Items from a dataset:
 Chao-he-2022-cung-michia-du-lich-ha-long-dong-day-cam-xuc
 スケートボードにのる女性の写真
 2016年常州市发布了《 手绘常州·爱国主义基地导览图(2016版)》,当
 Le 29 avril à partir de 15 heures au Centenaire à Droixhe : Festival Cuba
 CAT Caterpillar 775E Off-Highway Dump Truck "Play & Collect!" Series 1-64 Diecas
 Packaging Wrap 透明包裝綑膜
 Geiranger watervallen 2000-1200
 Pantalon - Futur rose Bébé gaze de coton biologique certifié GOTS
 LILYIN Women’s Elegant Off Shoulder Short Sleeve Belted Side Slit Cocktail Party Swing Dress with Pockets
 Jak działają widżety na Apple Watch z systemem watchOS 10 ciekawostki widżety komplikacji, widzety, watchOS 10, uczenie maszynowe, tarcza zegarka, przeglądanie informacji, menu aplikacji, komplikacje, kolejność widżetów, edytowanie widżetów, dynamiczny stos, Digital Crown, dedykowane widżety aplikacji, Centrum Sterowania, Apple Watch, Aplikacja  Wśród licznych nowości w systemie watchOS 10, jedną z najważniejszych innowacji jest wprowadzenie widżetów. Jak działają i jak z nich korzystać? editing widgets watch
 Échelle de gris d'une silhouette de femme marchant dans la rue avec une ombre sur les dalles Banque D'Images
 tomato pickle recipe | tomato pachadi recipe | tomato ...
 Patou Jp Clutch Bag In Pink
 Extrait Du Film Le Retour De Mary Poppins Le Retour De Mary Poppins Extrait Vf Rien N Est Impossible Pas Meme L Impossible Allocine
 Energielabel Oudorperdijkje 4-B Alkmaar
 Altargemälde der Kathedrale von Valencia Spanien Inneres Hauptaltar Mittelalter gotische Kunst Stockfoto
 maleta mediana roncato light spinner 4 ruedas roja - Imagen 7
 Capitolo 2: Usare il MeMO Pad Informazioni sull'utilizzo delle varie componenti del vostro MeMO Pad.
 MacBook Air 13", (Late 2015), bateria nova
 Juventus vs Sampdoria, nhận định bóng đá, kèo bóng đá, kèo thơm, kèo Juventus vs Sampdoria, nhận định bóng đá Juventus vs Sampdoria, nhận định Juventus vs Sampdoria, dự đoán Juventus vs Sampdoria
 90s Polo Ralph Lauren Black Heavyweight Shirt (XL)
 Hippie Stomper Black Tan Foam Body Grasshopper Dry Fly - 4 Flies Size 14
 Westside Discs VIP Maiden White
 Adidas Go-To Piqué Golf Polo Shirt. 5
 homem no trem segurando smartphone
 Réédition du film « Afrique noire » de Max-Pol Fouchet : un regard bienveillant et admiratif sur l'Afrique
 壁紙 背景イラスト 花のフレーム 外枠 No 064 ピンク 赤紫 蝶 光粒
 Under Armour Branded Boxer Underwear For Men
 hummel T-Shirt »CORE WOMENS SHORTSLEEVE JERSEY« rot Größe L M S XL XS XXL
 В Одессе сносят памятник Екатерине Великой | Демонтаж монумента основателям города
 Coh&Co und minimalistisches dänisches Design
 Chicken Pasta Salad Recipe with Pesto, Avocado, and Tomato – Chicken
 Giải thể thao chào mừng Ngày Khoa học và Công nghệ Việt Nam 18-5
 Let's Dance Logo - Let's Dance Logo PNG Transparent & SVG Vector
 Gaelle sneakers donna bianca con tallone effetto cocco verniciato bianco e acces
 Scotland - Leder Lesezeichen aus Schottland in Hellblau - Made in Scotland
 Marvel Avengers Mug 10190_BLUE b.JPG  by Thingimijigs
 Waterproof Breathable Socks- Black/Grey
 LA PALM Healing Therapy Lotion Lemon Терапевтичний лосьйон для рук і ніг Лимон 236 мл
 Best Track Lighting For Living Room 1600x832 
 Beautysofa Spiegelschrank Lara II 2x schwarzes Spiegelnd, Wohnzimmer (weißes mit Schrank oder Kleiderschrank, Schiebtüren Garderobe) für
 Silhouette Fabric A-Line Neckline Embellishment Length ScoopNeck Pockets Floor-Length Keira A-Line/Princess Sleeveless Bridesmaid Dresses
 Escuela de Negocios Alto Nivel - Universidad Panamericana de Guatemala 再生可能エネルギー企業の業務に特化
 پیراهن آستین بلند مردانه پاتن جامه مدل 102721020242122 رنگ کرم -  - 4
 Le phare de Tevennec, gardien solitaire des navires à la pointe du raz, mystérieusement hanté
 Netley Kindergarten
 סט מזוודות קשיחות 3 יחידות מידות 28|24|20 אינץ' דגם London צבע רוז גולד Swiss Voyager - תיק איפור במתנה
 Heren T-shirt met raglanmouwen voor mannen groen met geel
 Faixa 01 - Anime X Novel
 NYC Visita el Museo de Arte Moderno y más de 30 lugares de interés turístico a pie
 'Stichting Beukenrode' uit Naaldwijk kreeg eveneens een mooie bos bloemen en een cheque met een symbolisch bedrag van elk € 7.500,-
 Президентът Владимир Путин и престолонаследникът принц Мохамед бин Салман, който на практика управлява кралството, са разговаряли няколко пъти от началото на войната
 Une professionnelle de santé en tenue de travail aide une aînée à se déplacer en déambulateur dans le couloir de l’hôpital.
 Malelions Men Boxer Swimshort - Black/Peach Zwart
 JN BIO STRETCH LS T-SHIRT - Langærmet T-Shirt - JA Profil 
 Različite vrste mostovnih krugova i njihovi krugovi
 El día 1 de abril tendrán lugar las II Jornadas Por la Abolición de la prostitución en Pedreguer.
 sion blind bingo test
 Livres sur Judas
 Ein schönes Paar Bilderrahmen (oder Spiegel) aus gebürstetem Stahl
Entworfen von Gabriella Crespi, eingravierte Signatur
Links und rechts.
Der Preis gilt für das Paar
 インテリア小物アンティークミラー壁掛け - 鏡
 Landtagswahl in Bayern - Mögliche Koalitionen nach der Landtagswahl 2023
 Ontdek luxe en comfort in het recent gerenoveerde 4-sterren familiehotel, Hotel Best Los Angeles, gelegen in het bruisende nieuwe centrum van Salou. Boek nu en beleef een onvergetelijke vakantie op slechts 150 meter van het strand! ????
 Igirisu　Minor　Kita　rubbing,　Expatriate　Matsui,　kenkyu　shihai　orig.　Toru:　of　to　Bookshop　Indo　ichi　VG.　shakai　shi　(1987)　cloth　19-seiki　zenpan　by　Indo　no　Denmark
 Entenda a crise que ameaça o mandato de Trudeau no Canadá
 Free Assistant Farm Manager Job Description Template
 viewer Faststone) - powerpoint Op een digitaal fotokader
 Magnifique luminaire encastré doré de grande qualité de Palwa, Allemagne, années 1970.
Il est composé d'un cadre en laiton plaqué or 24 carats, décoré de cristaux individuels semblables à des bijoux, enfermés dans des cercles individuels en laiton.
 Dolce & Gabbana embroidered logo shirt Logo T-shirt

- [What to work on]:
Please set down all of the records exactly.

- [Your solution]:
 Chao-he-2022-cung-michia-du-lich-ha-long-dong-day-cam-xuc
 スケートボードにのる女性の写真
 2016年常州市发布了《 手绘常州·爱国主义基地导览图(2016版)》,当
 Le 29 avril à partir de 15 heures au Centenaire à Droixhe : Festival Cuba
 CAT Caterpillar 775E Off-Highway Dump Truck "Play & Collect!" Series 1-64 Diecas
 Packaging Wrap 透明包裝綑膜
 Geiranger watervallen 2000-1200
 Pantalon - Futur rose Bébé gaze de coton biologique certifié GOTS
 LILYIN Women’s Elegant Off Shoulder Short Sleeve Belted Side Slit Cocktail Party Swing Dress with Pockets
 Jak działają widżety na Apple Watch z systemem watchOS 10 ciekawostki widżety komplikacji, widzety, watchOS 10, uczenie maszynowe, tarcza zegarka, przeglądanie informacji, menu aplikacji, komplikacje, kolejność widżetów, edytowanie widżetów, dynamiczny stos, Digital Crown, dedykowane widżety aplikacji, Centrum Sterowania, Apple Watch, Aplikacja  Wśród licznych nowości w systemie watchOS 10, jedną z najważniejszych innowacji jest wprowadzenie widżetów. Jak działają i jak z nich korzystać? editing widgets watch
 Échelle de gris d'une silhouette de femme marchant dans la rue avec une ombre sur les dalles Banque D'Images
 tomato pickle recipe | tomato pachadi recipe | tomato ...
 Patou Jp Clutch Bag In Pink
 Extrait Du Film Le Retour De Mary Poppins Le Retour De Mary Poppins Extrait Vf Rien N Est Impossible Pas Meme L Impossible Allocine
 Energielabel Oudorperdijkje 4-B Alkmaar
 Altargemälde der Kathedrale von Valencia Spanien Inneres Hauptaltar Mittelalter gotische Kunst Stockfoto
 maleta mediana roncato light spinner 4 ruedas roja - Imagen 7
 Capitolo 2: Usare il MeMO Pad Informazioni sull'utilizzo delle varie componenti del vostro MeMO Pad.
 MacBook Air 13", (Late 2015), bateria nova
 Juventus vs Sampdoria, nhận định bóng đá, kèo bóng đá, kèo thơm, kèo Juventus vs Sampdoria, nhận định bóng đá Juventus vs Sampdoria, nhận định Juventus vs Sampdoria, dự đoán Juventus vs Sampdoria
 90s Polo Ralph Lauren Black Heavyweight Shirt (XL)
 Hippie Stomper Black Tan Foam Body Grasshopper Dry Fly - 4 Flies Size 14
 Westside Discs VIP Maiden White
 Adidas Go-To Piqué Golf Polo Shirt. 5
 homem no trem segurando smartphone
 Réédition du film « Afrique noire » de Max-Pol Fouchet : un regard bienveillant et admiratif sur l'Afrique
 壁紙 背景イラスト 花のフレーム 外枠 No 064 ピンク 赤紫 蝶 光粒
 Under Armour Branded Boxer Underwear For Men
 hummel T-Shirt »CORE WOMENS SHORTSLEEVE JERSEY« rot Größe L M S XL XS XXL
 В Одессе сносят памятник Екатерине Великой | Демонтаж монумента основателям города
 Coh&Co und minimalistisches dänisches Design
 Chicken Pasta Salad Recipe with Pesto, Avocado, and Tomato – Chicken
 Giải thể thao chào mừng Ngày Khoa học và Công nghệ Việt Nam 18-5
 Let's Dance Logo - Let's Dance Logo PNG Transparent & SVG Vector
 Gaelle sneakers donna bianca con tallone effetto cocco verniciato bianco e acces
 Scotland - Leder Lesezeichen aus Schottland in Hellblau - Made in Scotland
 Marvel Avengers Mug 10190_BLUE b.JPG  by Thingimijigs
 Waterproof Breathable Socks- Black/Grey
 LA PALM Healing Therapy Lotion Lemon Терапевтичний лосьйон для рук і ніг Лимон 236 мл
 Best Track Lighting For Living Room 1600x832 
 Beautysofa Spiegelschrank Lara II 2x schwarzes Spiegelnd, Wohnzimmer (weißes mit Schrank oder Kleiderschrank, Schiebtüren Garderobe) für
 Silhouette Fabric A-Line Neckline Embellishment Length ScoopNeck Pockets Floor-Length Keira A-Line/Princess Sleeveless Bridesmaid Dresses
 Escuela de Negocios Alto Nivel - Universidad Panamericana de Guatemala 再生可能エネルギー企業の業務に特化
 پیراهن آستین بلند مردانه پاتن جامه مدل 102721020242122 رنگ کرم -  - 4
 Le phare de Tevennec, gardien solitaire des navires à la pointe du raz, mystérieusement hanté
 Netley Kindergarten
 סט מזוודות קשיחות 3 יחידות מידות 28|24|20 אינץ' דגם London צבע רוז גולד Swiss Voyager - תיק איפור במתנה
 Heren T-shirt met raglanmouwen voor mannen groen met geel
 Faixa 01 - Anime X Novel
 NYC Visita el Museo de Arte Moderno y más de 30 lugares de interés turístico a pie
 'Stichting Beukenrode' uit Naaldwijk kreeg eveneens een mooie bos bloemen en een cheque met een symbolisch bedrag van elk € 7.500,-
 Президентът Владимир Путин и престолонаследникът принц Мохамед бин Салман, който на практика управлява кралството, са разговаряли няколко пъти от началото на войната
 Une professionnelle de santé en tenue de travail aide une aînée à se déplacer en déambulateur dans le couloir de l’hôpital.
 Malelions Men Boxer Swimshort - Black/Peach Zwart
 JN BIO STRETCH LS T-SHIRT - Langærmet T-Shirt - JA Profil 
 Različite vrste mostovnih krugova i njihovi krugovi
 El día 1 de abril tendrán lugar las II Jornadas Por la Abolición de la prostitución en Pedreguer.
 sion blind bingo test
 Livres sur Judas
 Ein schönes Paar Bilderrahmen (oder Spiegel) aus gebürstetem Stahl
Entworfen von Gabriella Crespi, eingravierte Signatur
Links und rechts.
Der Preis gilt für das Paar
 インテリア小物アンティークミラー壁掛け - 鏡
 Landtagswahl in Bayern - Mögliche Koalitionen nach der Landtagswahl 2023
 Ontdek luxe en comfort in het recent gerenoveerde 4-sterren familiehotel, Hotel Best Los Angeles, gelegen in het bruisende nieuwe centrum van Salou. Boek nu en beleef een onvergetelijke vakantie op slechts 150 meter van het strand! ????
 Igirisu　Minor　Kita　rubbing,　Expatriate　Matsui,　kenkyu　shihai　orig.　Toru:　of　to　Bookshop　Indo　ichi　VG.　shakai　shi　(1987)　cloth　19-seiki　zenpan　by　Indo　no　Denmark
 Entenda a crise que ameaça o mandato de Trudeau no Canadá
 Free Assistant Farm Manager Job Description Template
 viewer Faststone) - powerpoint Op een digitaal fotokader
 Magnifique luminaire encastré doré de grande qualité de Palwa, Allemagne, années 1970.
Il est composé d'un cadre en laiton plaqué or 24 carats, décoré de cristaux individuels semblables à des bijoux, enfermés dans des cercles individuels en laiton.
 Dolce & Gabbana embroidered logo shirt Logo T-shirt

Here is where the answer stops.